AKP’nin ekin ve sanat düşmanlığına en çarpıcı örnek ise “Mehmet Aksoy Olayı”dır.


Dünyaca ünlü sanatçımız Mehmet Aksoy, dönemin AKP’li belediyesinin isteği üzerine, Kars’ta “İnsanlık Anıtı” adlı dev bir yontunun çalışmalarına başlıyor. Anıtın ana iletisi “dostluk ve barış”. Yapıtta, “insanların ayrılmasının, yarılmasının, bölünmesinin acılara, gözyaşlarına neden olacağı” düşüncesi yansıtılmaya çalışılıyor. Yontu henüz tamamlanmamış. Ama her konuda kendini uzman sanan Başbakan Recep Tayyip Erdoğan, 8 Ocak 2011 günü Kars’ta bir “seçmene selam” konuşması yaparak “İnsanlık Anıtı”na saldırıyor. Dünya çapındaki bir sanatçının yapıtını “ucube” olarak nitelendiriyor ve “Bunu hemen buradan kaldırın!” diye yerel yöneticilere emir veriyor! Sanatın ve sanatçının yanında olması gereken Kültür Bakanı, önce kem küm ediyor, sonra Başbakan’dan zılgıt yiyince sesini kesiyor. Durumdan görev çıkaran Dışişleri Bakanı Ahmet Davutoğlu ise hemen Başbakan’a destek çıkıyor, derin mimarlık ve sanat tarihi bilgisiyle, “Bu heykel Kars’a hiç yakışmadı!” diyor.

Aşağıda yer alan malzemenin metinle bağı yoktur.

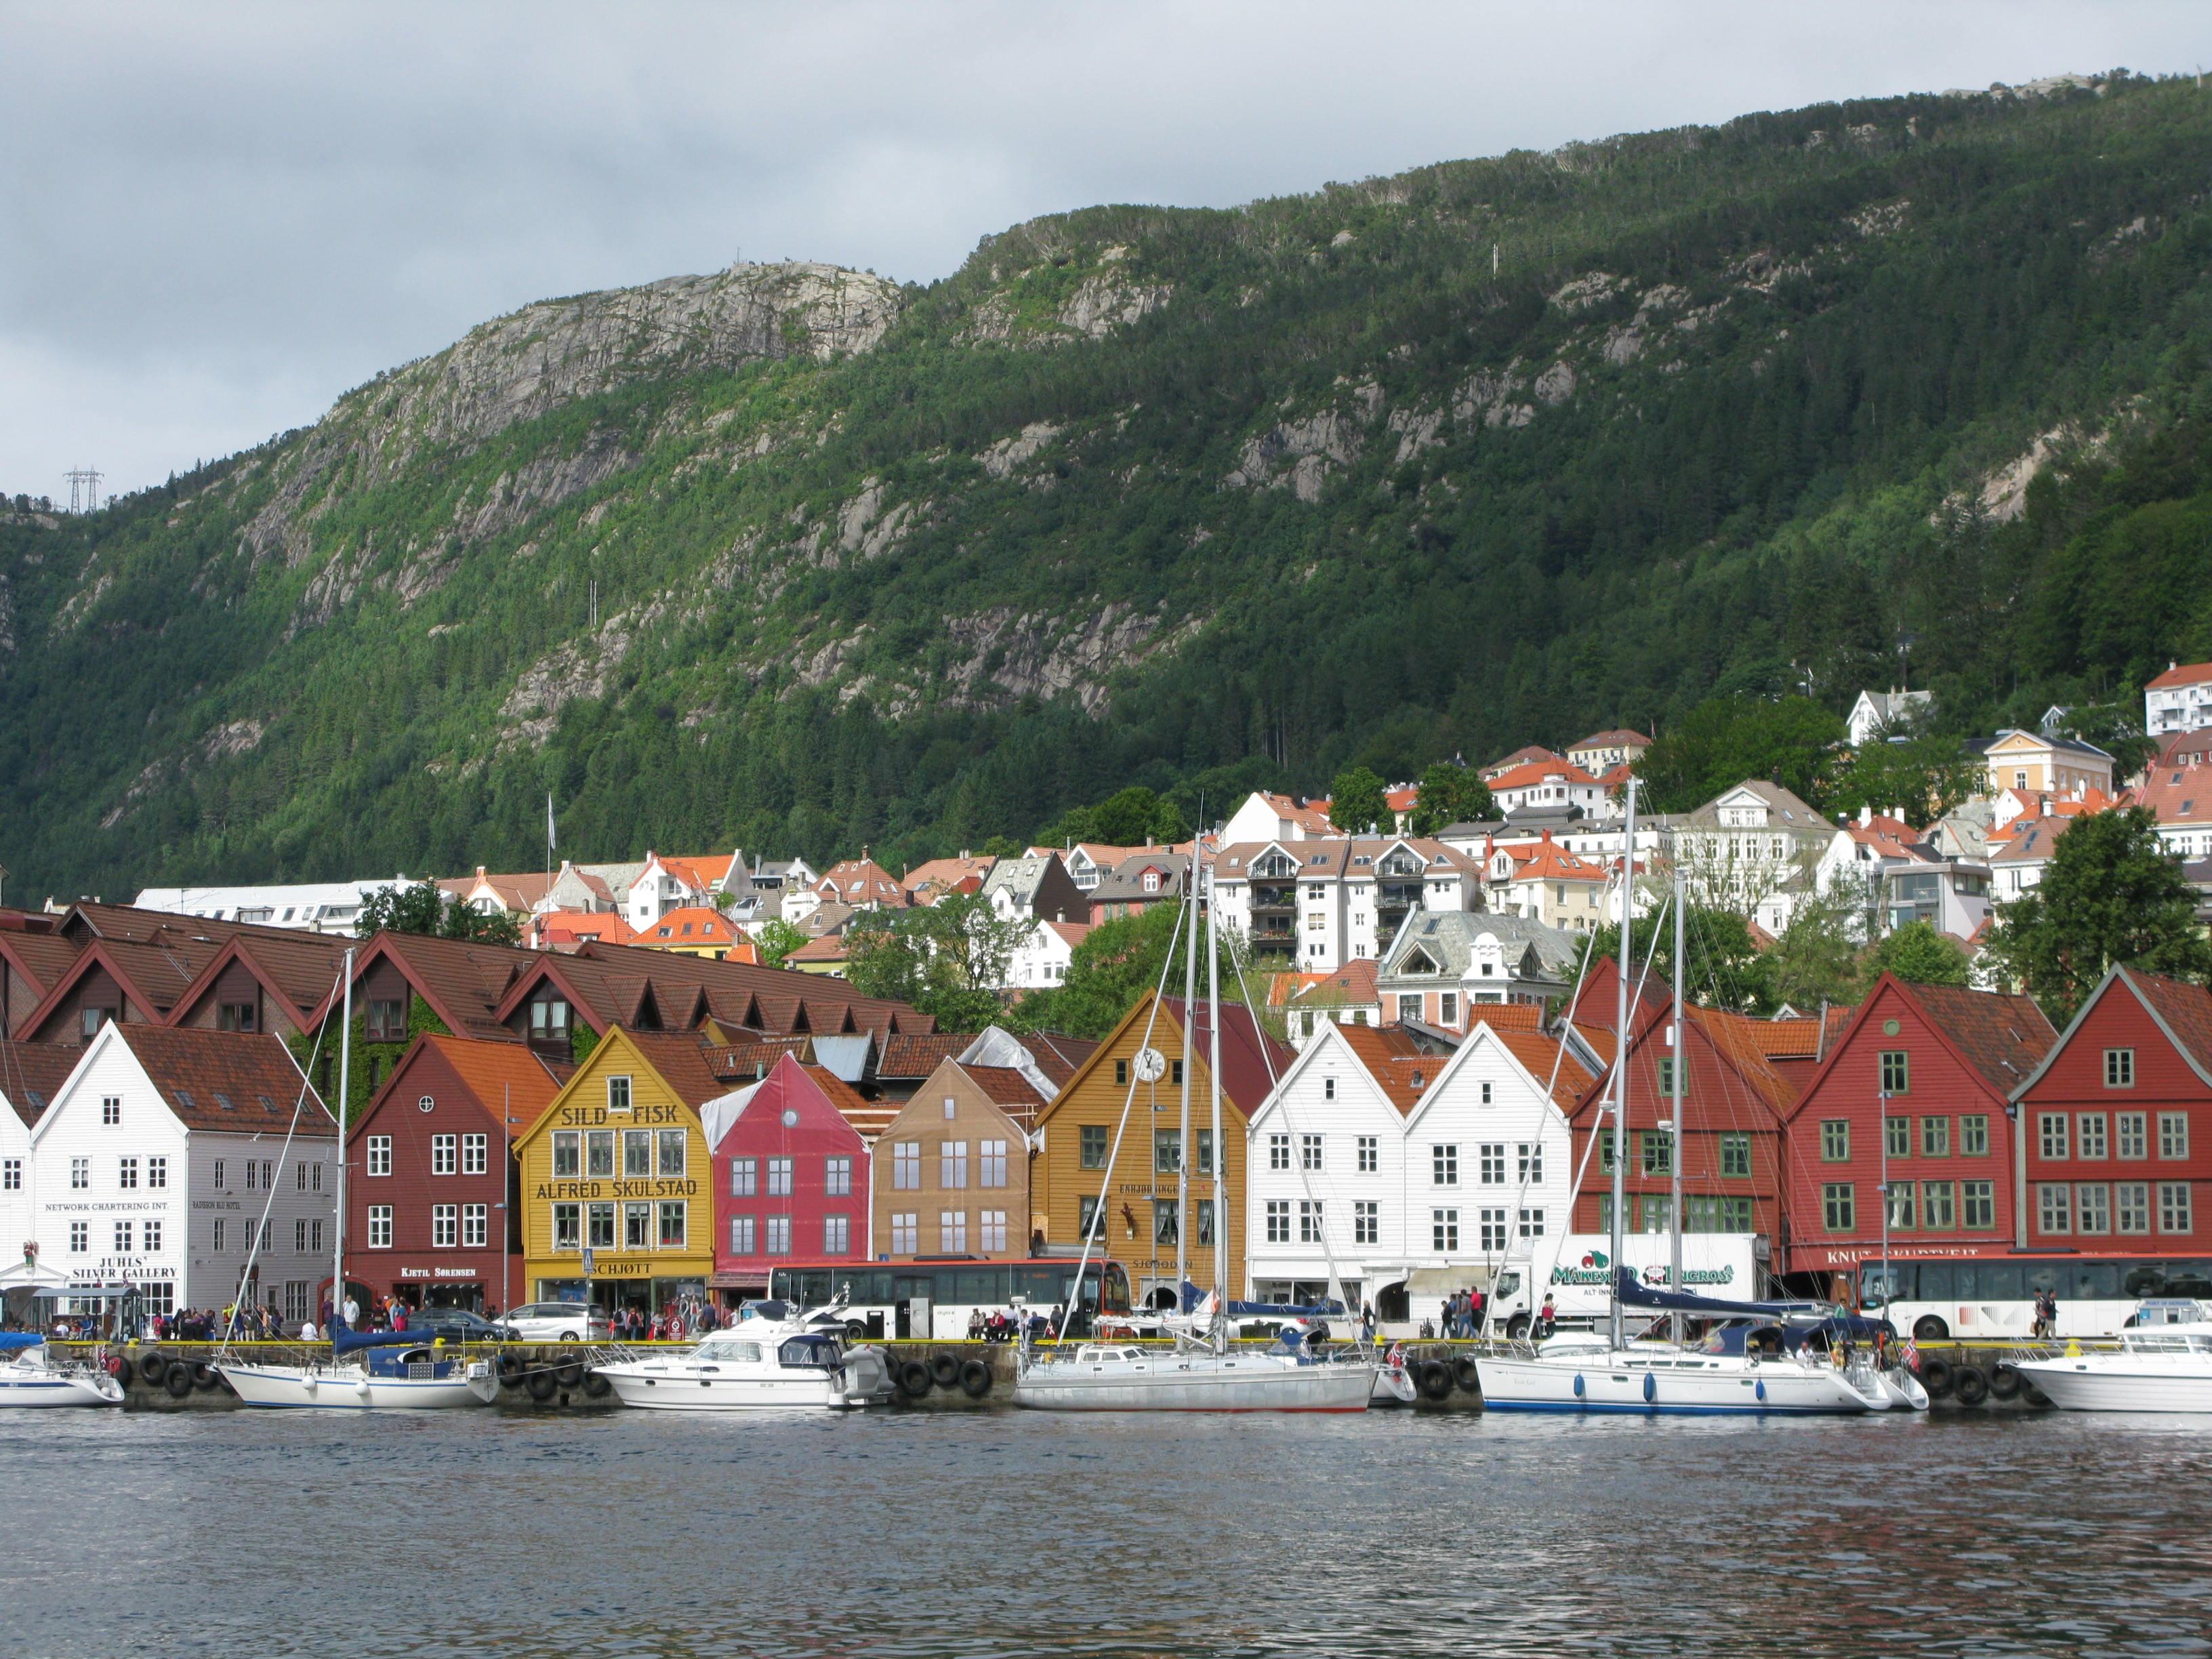 Schoonderwoerd_noorwegen-bergen-kopie

Başbakan’ın, “Kaldırın bu ucubeyi buradan” diyerek kürsüden verdiği buyruğa, Kars Belediye Meclisi’nin AKP’li ve MHP’li üyeleri, “Ferman padişahımızındır” yaklaşımıyla boyun eğince, daha önce yine AKP’li bir Belediye Başkanı’nın (Naif Alibeyoğlu) isteğiyle yapımına başlanan “İnsanlık Anıtı” için bu kez oybirliği ile yıkım kararı alınıyor. Böylece, MHP Genel Başkanı Devlet Bahçeli’nin her hafta grup toplantısında AKP ve Başbakan Erdoğan hakkında ettiği ağır sözlerin nasıl bir aldatmaca ve oyun olduğu, bu tarihsel işbirliği ile belgelenmiş oluyor…

İlk saldırı değil!

Mehmet Aksoy, üstün nitelikli yapıtlarıyla dünya çapında ün kazanmış bir sanatçımızdır. Türkiye’nin pek çok ilinde onun özgün çalışmaları vardır. Datça’daki Can Yücel gömüt yontusu da Mehmet Aksoy’un imzasını taşır.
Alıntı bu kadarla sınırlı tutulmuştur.